7. The UAV attitude sliding mode control method for multi-scenario interference according to claim 1, characterized in that, The calculated target control torque includes: For each decoupled channel, a nonlinear terminal sliding surface with a sign function is constructed based on the attitude tracking error, the error change rate, the updated adaptive gain, and the terminal index. The target control torque for each channel is calculated based on the terminal sliding surface, the preset nonlinear term components, the estimated lumped interference value, and the updated sliding gain.
8. The UAV attitude sliding mode control method for multi-scenario interference according to claim 1, characterized in that, Before acquiring the desired attitude command data for the drone, scenario verification is also performed, including: Multi-scenario input verification signals are generated based on time-series segmentation to obtain the preset desired attitude angle vector and desired attitude angular velocity vector; Multiple scene interference signals are generated based on the same timing sequence and injected into the quadrotor dynamics equations as external interference torques. The multi-scenario input verification signal and multi-scenario interference signal, in sequence, include the large-angle step stage, the medium-angle ramp stage, the small-angle sine stage, the rapid maneuver stage, the extreme attitude stage, and the multi-channel coupling stage.
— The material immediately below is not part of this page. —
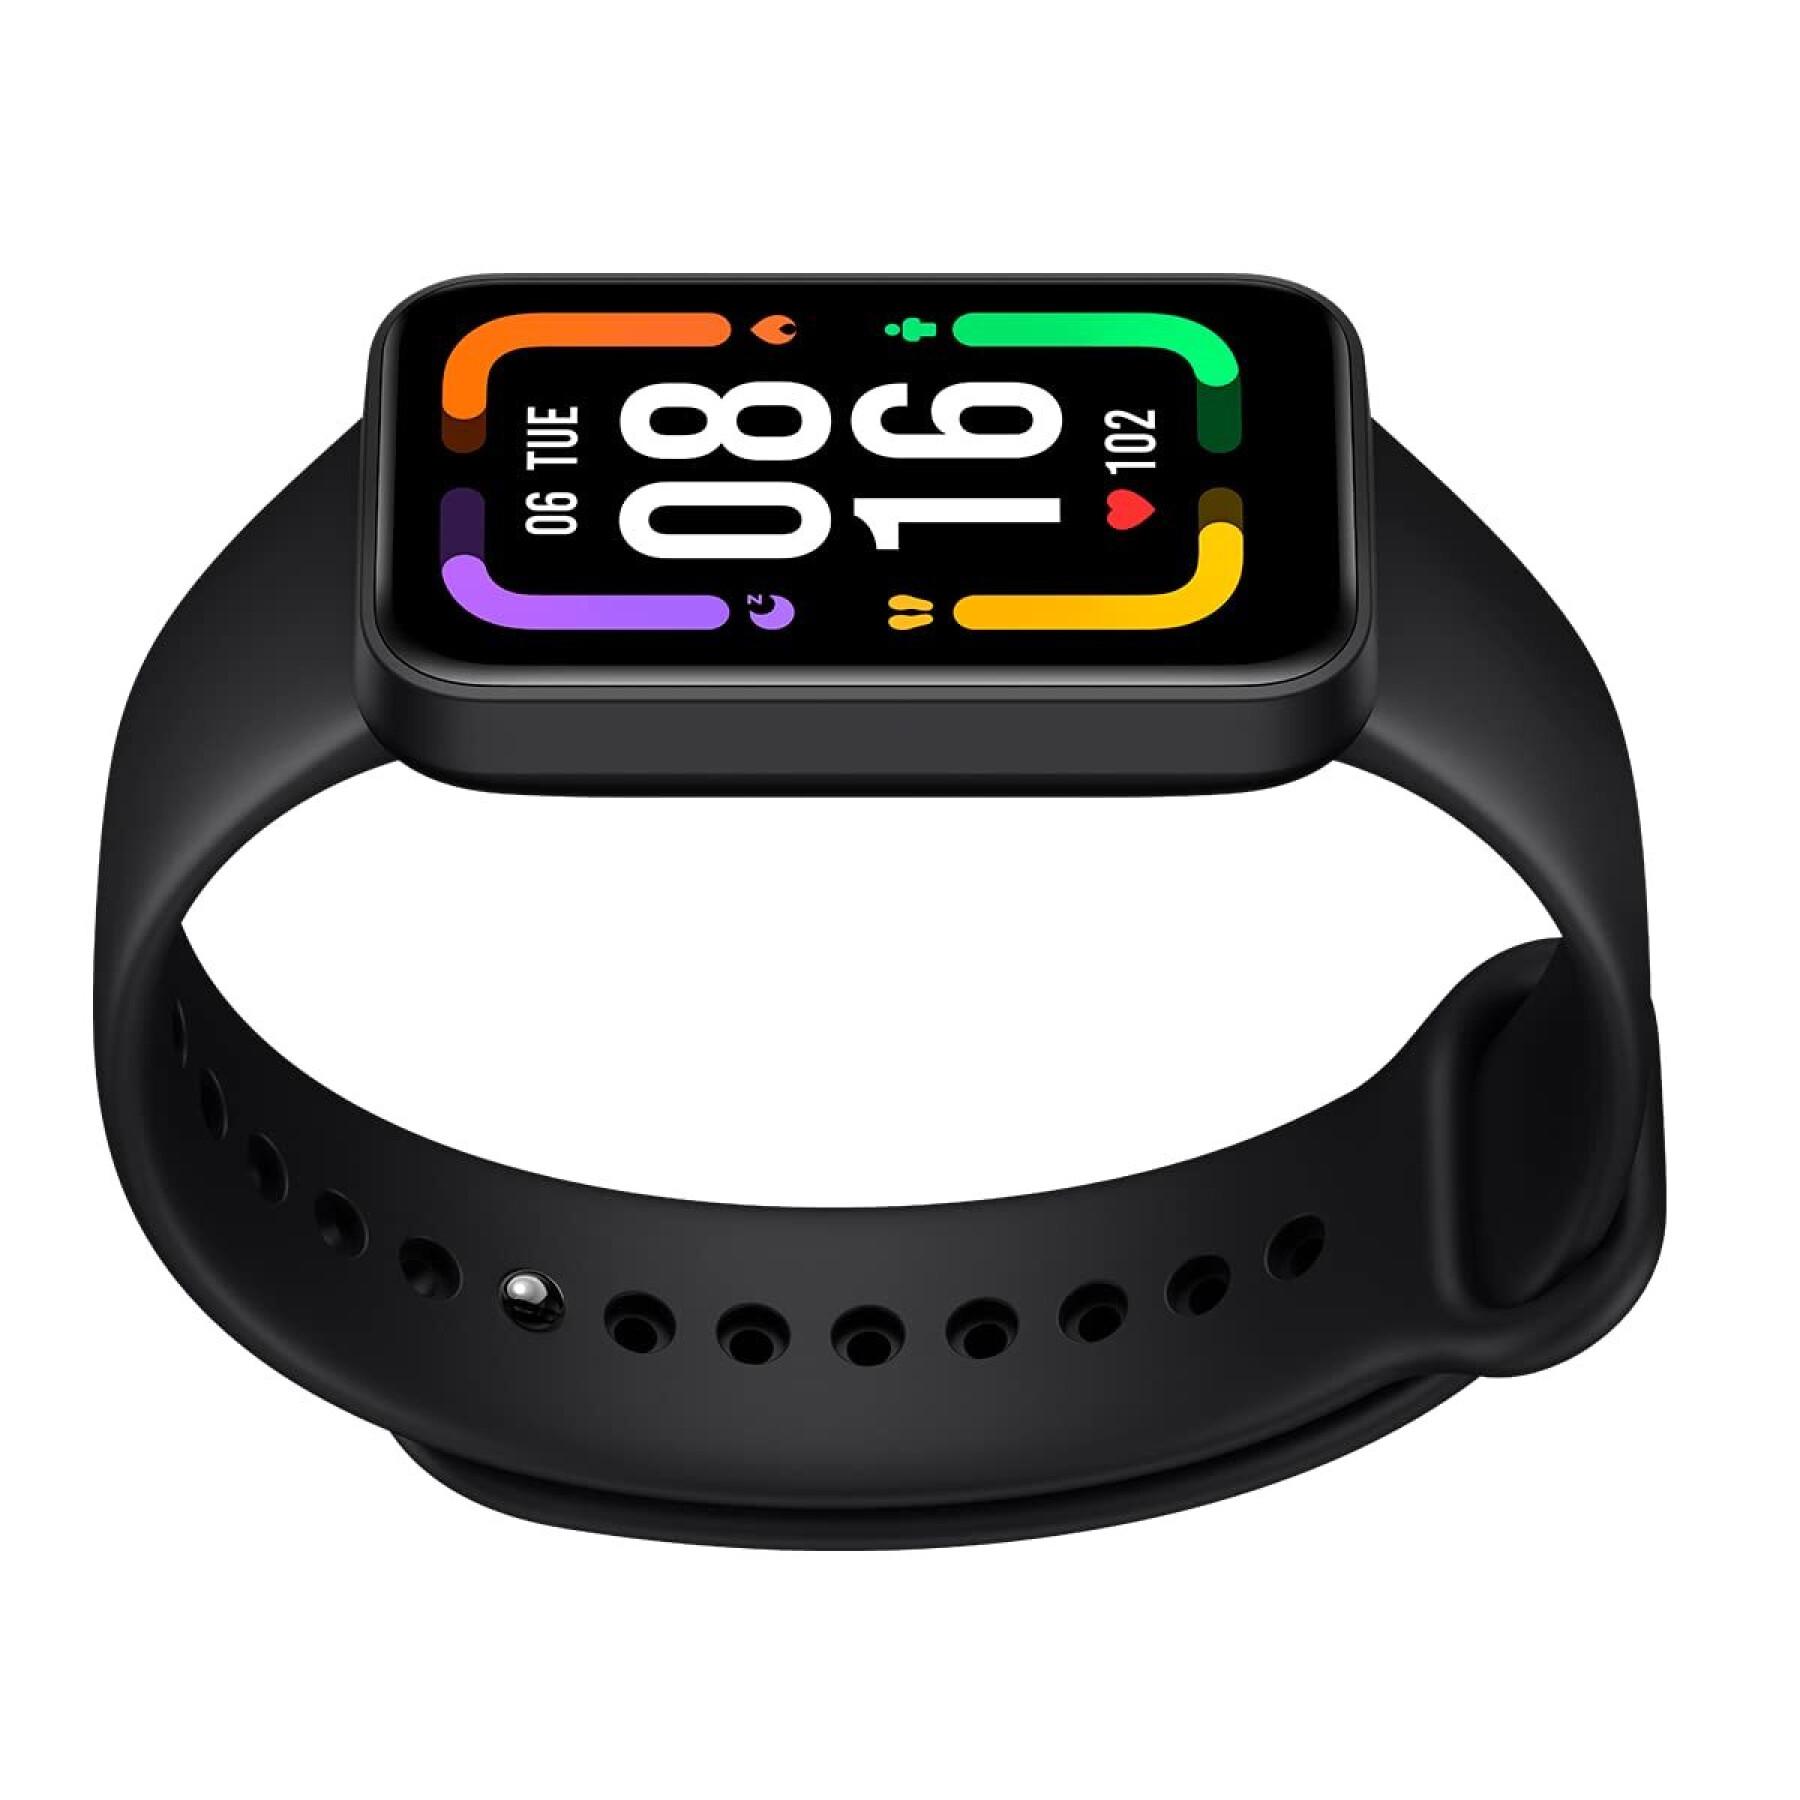 Connected watch Xiaomi Redmi Smart Band Pro

9. A sliding mode control method for UAV attitude oriented to multi-scenario interference according to claim 8, characterized in that, The multi-scenario input verification signals include: A step function is used to superimpose the amplitudes of multiple target values when an angle step input is applied. During the mid-angle ramp phase, input a combined signal containing the ramp slope and the holding amplitude; Input a multi-frequency composite sinusoidal signal during the small-angle sinusoidal phase; During the rapid maneuver phase, a combination of square wave, high-frequency large-amplitude sine wave, and sudden large command signal is input; During the extreme attitude phase, input the asymptotic approach safety limit command, which is controlled by the safety limit approximation coefficient; During the multi-channel coupling stage, input signals with large-error in-phase sinusoidal and alternating modes with phase differences are combined into each channel.
10. A UAV attitude sliding mode control system for multi-scenario interference, comprising a processor and a memory, characterized in that, The memory stores a computer program, and the processor executes the computer program to implement a UAV attitude sliding mode control method for multi-scenario interference as described in any one of claims 1-9.